* bug#52779: tests/no-home test failure in Shepherd
@ 2021-12-24 14:52 Maxim Cournoyer
2022-01-03 21:09 ` Maxim Cournoyer
2022-01-13 15:37 ` Ludovic Courtès
0 siblings, 2 replies; 6+ messages in thread
From: Maxim Cournoyer @ 2021-12-24 14:52 UTC (permalink / raw)
To: 52779
Hello Guix,
I encountered the following (nondeterministic) test failure:
--8<---------------cut here---------------start------------->8---
# TOTAL: 13
# PASS: 12
# SKIP: 0
# XFAIL: 0
# FAIL: 1
# XPASS: 0
# ERROR: 0
.. contents:: :depth: 2
FAIL: tests/no-home
===================
+ shepherd --version
shepherd (GNU Shepherd) 0.8.1
Copyright (C) 2020 the Shepherd authors
License GPLv3+: GNU GPL version 3 or later <http://gnu.org/licenses/gpl.html>
This is free software: you are free to change and redistribute it.

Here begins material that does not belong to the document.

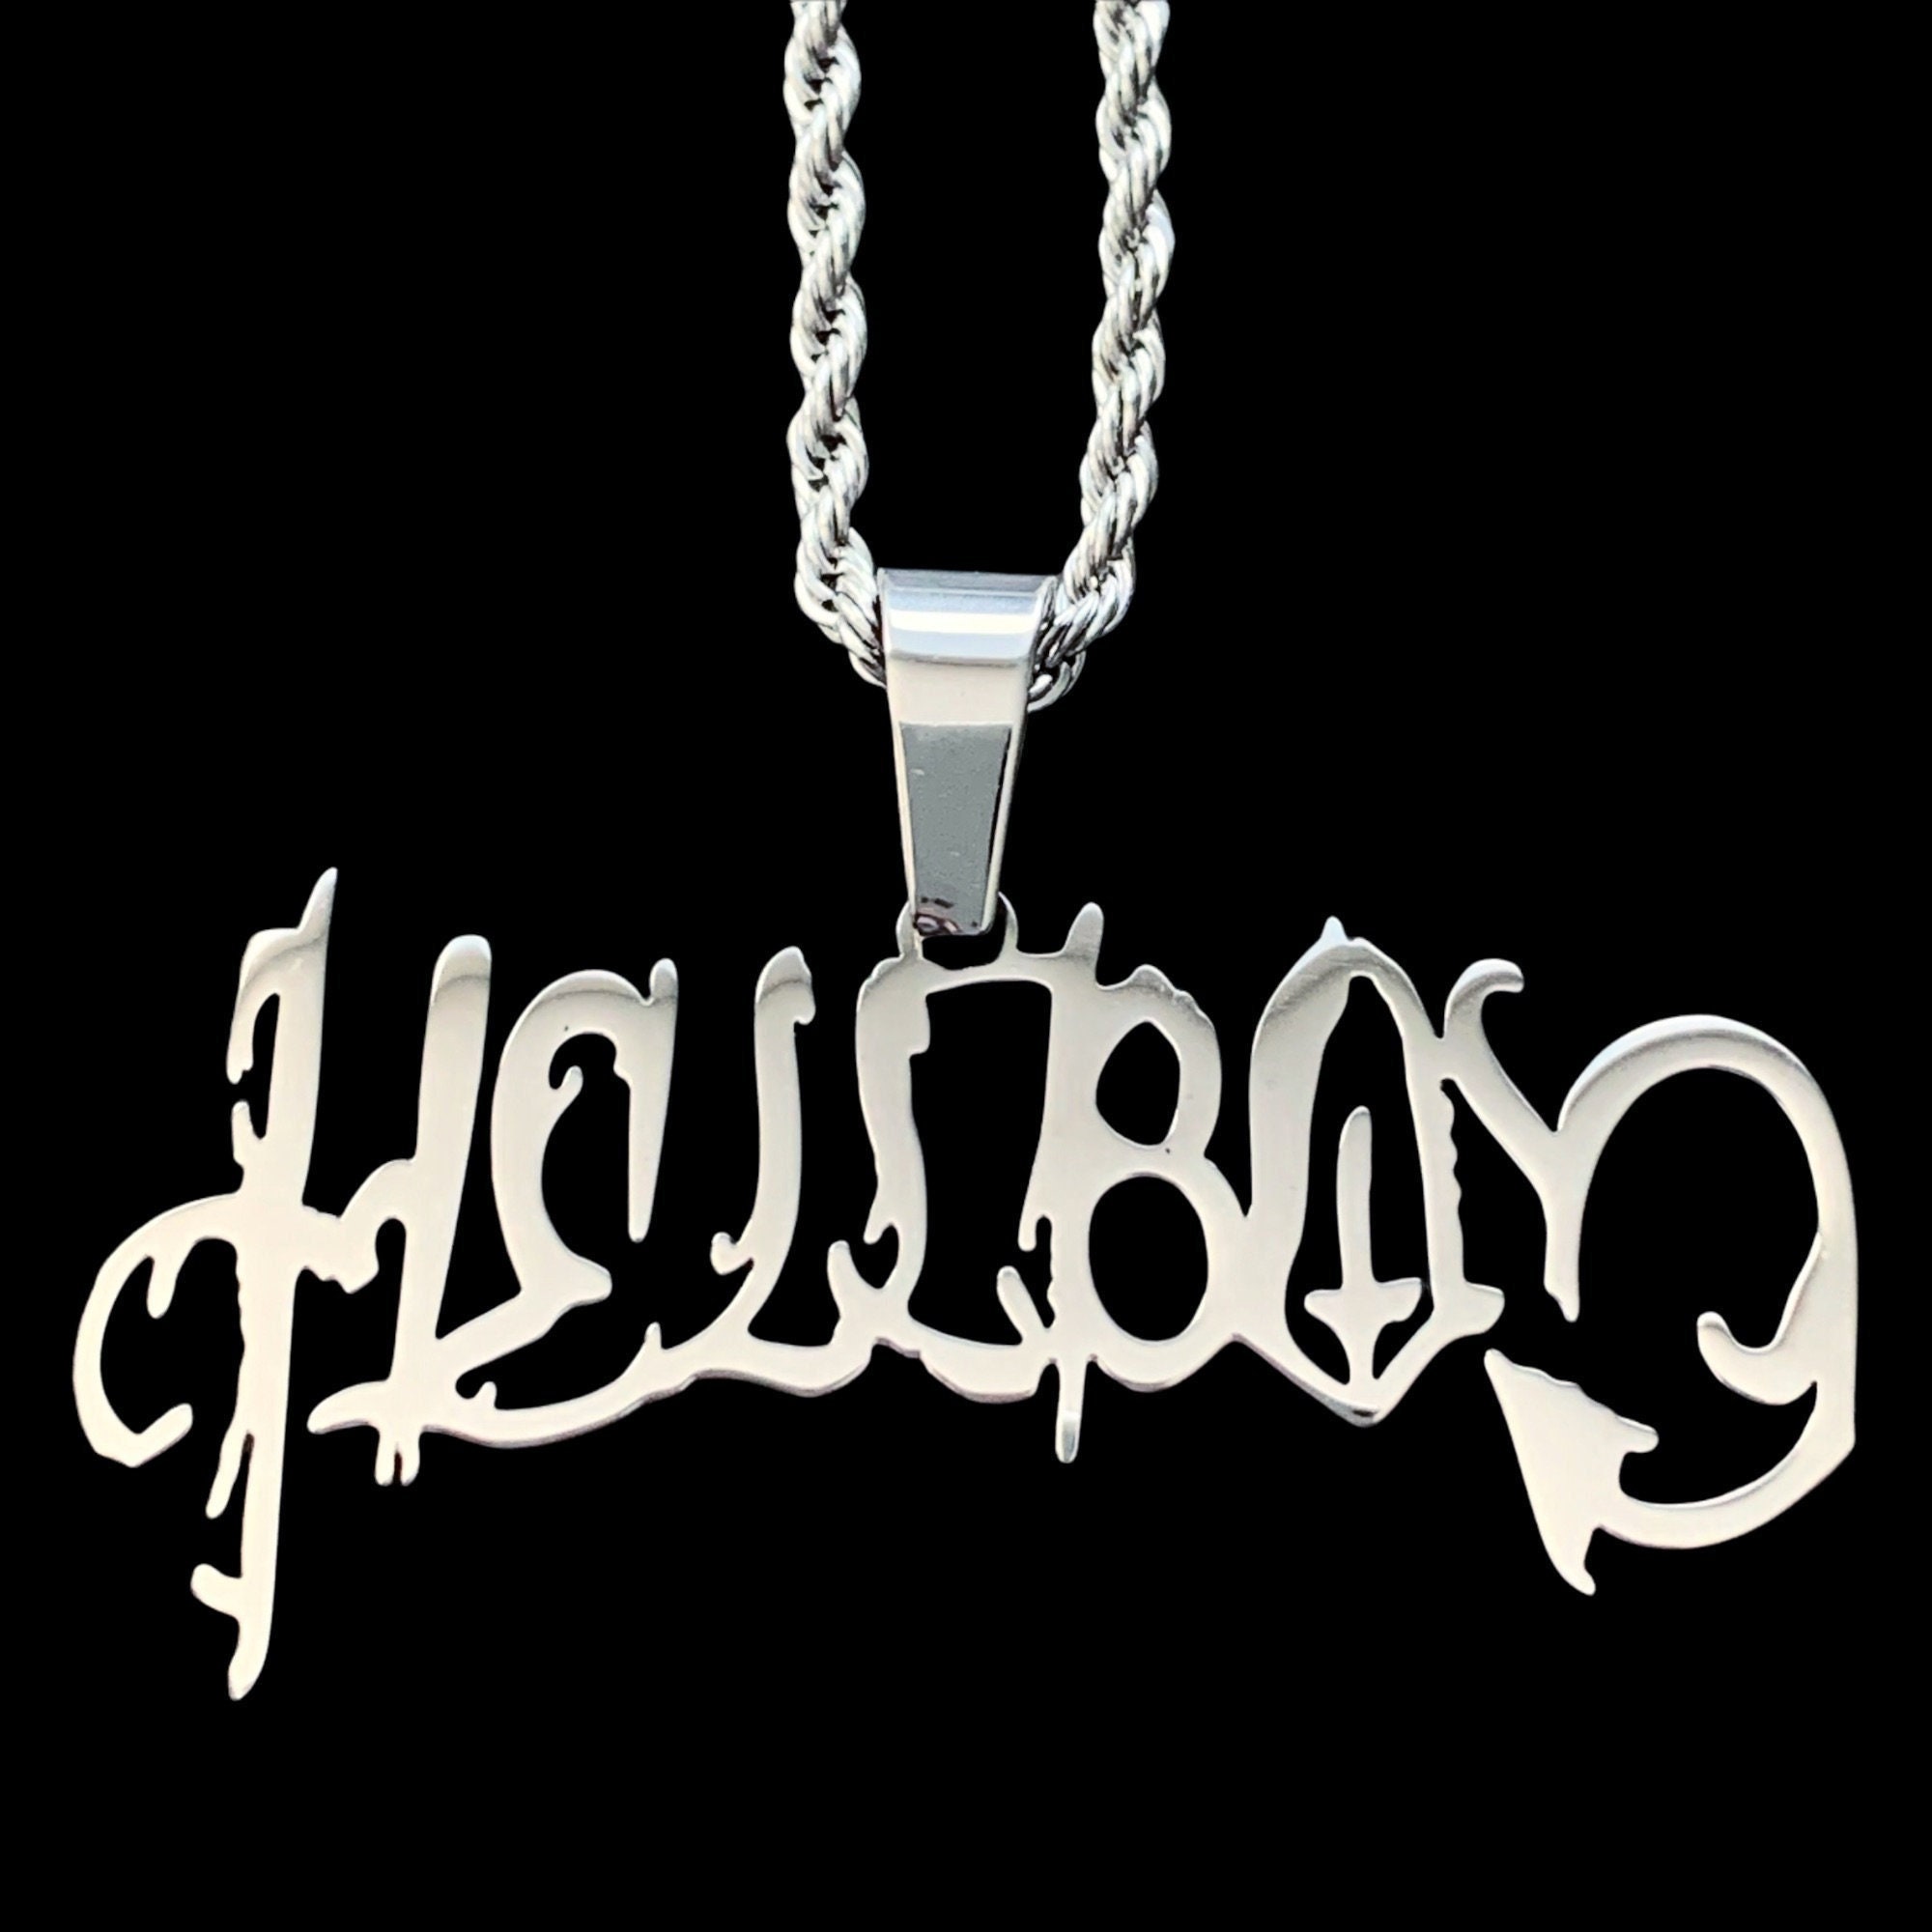 UK Lil Peep Rapper Love Rabbit Chain Necklace Pendant | eBay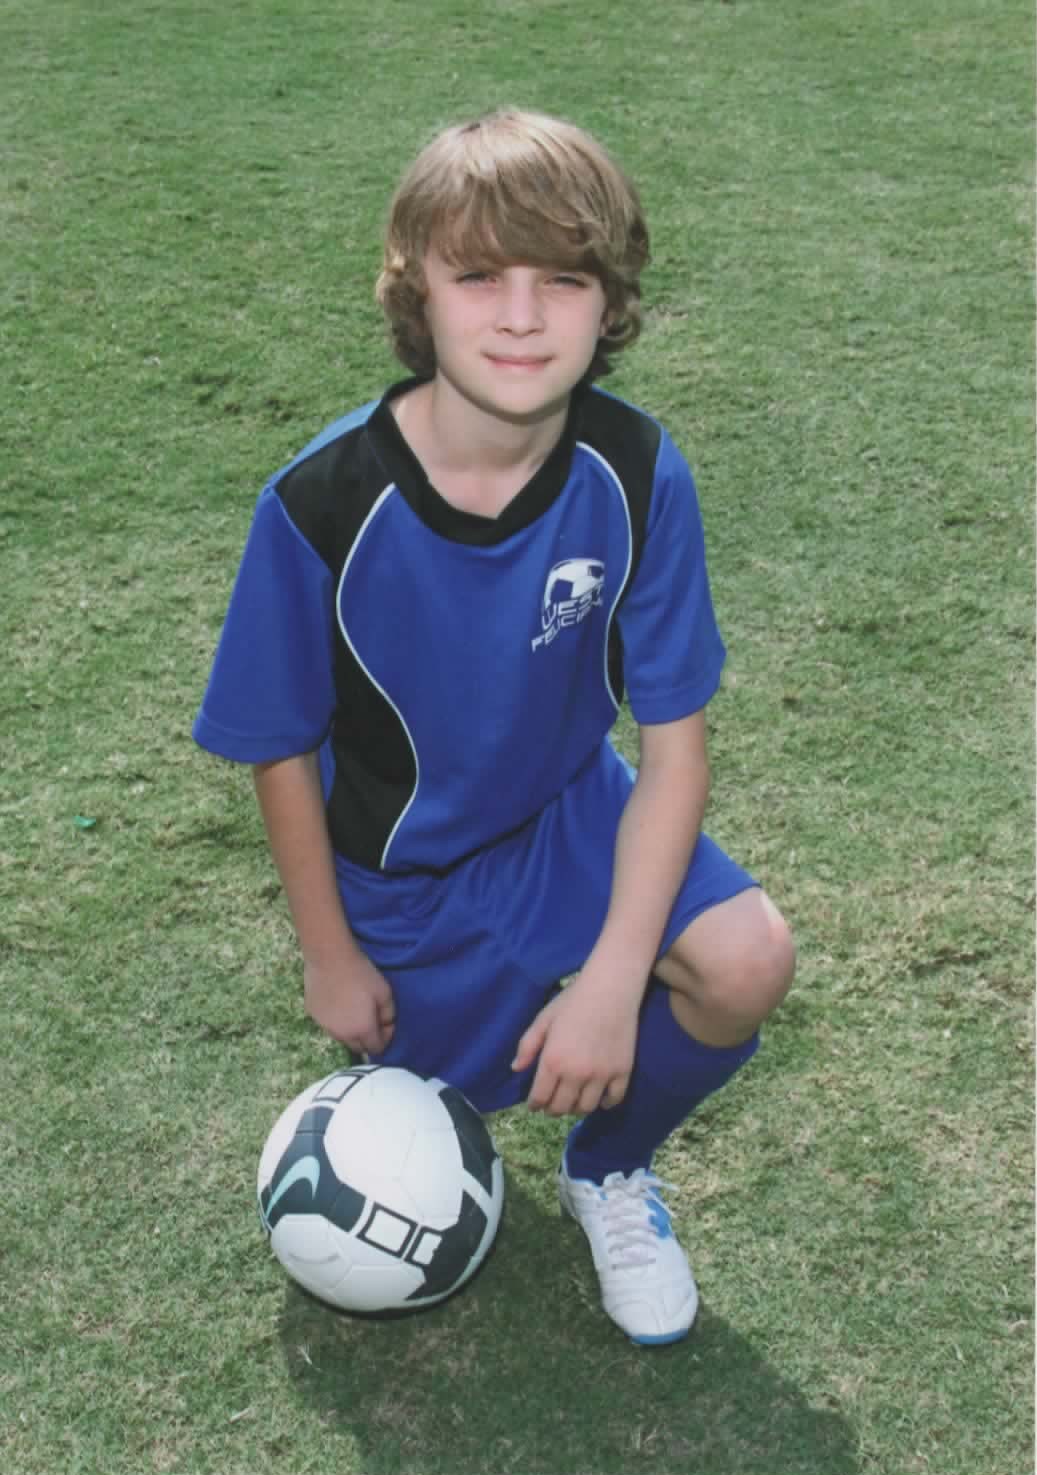 Toby Nichols 7th year of soccer

There is NO WARRANTY, to the extent permitted by law.
+ HOME=/nowhere
+ export HOME
+ test -w /nowhere
+ socket=t-socket-1651
+ pid=t-pid-1651
+ herd='herd -s t-socket-1651'
+ trap 'rm -f t-socket-1651;
test -f t-pid-1651 && kill `cat t-pid-1651` || true; rm -f t-pid-1651' EXIT
+ shepherd_pid=1896
+ test -f t-pid-1651
+ shepherd -I -s t-socket-1651 -c /dev/null -l /dev/null --pid=t-pid-1651
+ kill -0 1896
+ sleep 0.3
Service root has been started.
+ test -f t-pid-1651
++ cat t-pid-1651
+ kill -0 1896
+ herd -s t-socket-1651 status root
Started:
+ root
+ herd -s t-socket-1651 stop root
++ cat t-pid-1651
+ kill 1896
+ exit 1
+ rm -f t-socket-1651
+ test -f t-pid-1651
++ cat t-pid-1651
+ kill 1896
+ rm -f t-pid-1651
FAIL tests/no-home.sh (exit status: 1)
error: in phase 'check': uncaught exception:
%exception #<&invoke-error program: "make" arguments: ("check" "-j" "24" "GUILE_AUTO_COMPILE=0") exit-status: 2 term-signal: #f stop-signal: #f>
phase `check' failed after 15.3 seconds
command "make" "check" "-j" "24" "GUILE_AUTO_COMPILE=0" failed with status 2
--8<---------------cut here---------------end--------------->8---
Perhaps due to high load, as I can't seem to reproduce when building
Shepherd alone.
Thanks,
Maxim
^ permalink raw reply [flat|nested] 6+ messages in thread
* bug#52779: tests/no-home test failure in Shepherd
2021-12-24 14:52 bug#52779: tests/no-home test failure in Shepherd Maxim Cournoyer
@ 2022-01-03 21:09 ` Maxim Cournoyer
2022-01-10 18:17 ` Maxim Cournoyer
2022-01-13 15:37 ` Ludovic Courtès
1 sibling, 1 reply; 6+ messages in thread
From: Maxim Cournoyer @ 2022-01-03 21:09 UTC (permalink / raw)
To: 52779
Hi,
Maxim Cournoyer <maxim.cournoyer@gmail.com> writes:
> Hello Guix,
>
> I encountered the following (nondeterministic) test failure:
>
> # TOTAL: 13
> # PASS: 12
> # SKIP: 0
> # XFAIL: 0
> # FAIL: 1
> # XPASS: 0
> # ERROR: 0
>
> .. contents:: :depth: 2
>
> FAIL: tests/no-home
> ===================
>
> + shepherd --version
> shepherd (GNU Shepherd) 0.8.1
> Copyright (C) 2020 the Shepherd authors
> License GPLv3+: GNU GPL version 3 or later <http://gnu.org/licenses/gpl.html>
> This is free software: you are free to change and redistribute it.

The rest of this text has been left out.